Come si può gestire l’attesa per il risultato del trattamento?

E’ inevitabile che la coppia affronti il trattamento con la speranza di rientrare proprio in quella percentuale di successi, ma è fondamentale non pensare in termini esclusivamente positivi. Un atteggiamento di questo tipo, infatti, non solo non protegge dalla sofferenza ma predispone la coppia a un dolore ancora più grande nel caso di fallimento perché significa accettare una realtà che fino a quel momento è stata negata.

Così come non è possibile affrontare il percorso pensando solo in termini esclusivamente positivi, è altrettanto controproducente pensare al trattamento con pessimismo cosmico. Quest’atteggiamento tipicamente adottato da chi ha alle spalle tentativi non riusciti, si basa sul presupposto che non illudersi circa la possibilità di diventare genitori sia il modo migliore per ridurre la sofferenza in caso d’insuccesso. In questo caso ha senso chiedersi: è coerente desiderare un figlio al punto da essere disposti a intraprendere un percorso estremamente impegnativo come quello della Pma senza credere nell’efficacia del trattamento?
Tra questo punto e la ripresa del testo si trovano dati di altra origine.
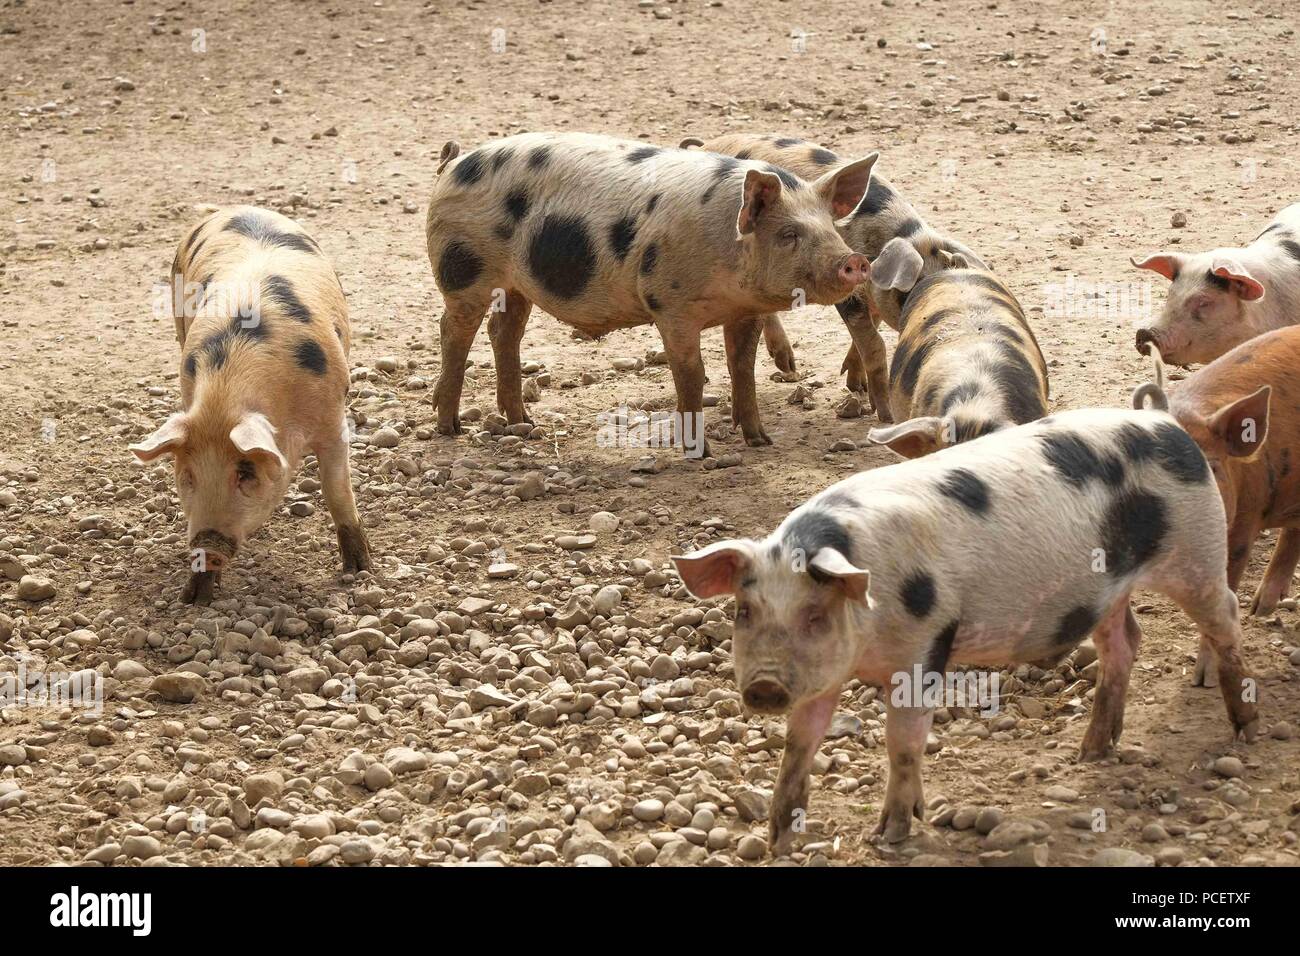 Los cerdos en un terreno seco y polvoriento Foto de stock

Entrambe le modalità non sono funzionali perché si basano su un approccio alla realtà non realistico. E’ importante aiutare la coppia a capire che ogni trattamento può portare a un risultato positivo o negativo, è doveroso che gli aspiranti genitori desiderino e sperino nel successo del trattamento, ma è fondamentale che mettano  in conto entrambi gli esiti senza alimentare aspettative irrealistiche.

Essere consapevoli non significa abbandonare la speranza ma facilita la gestione del risultato QUALUNQUE ESSO SIA.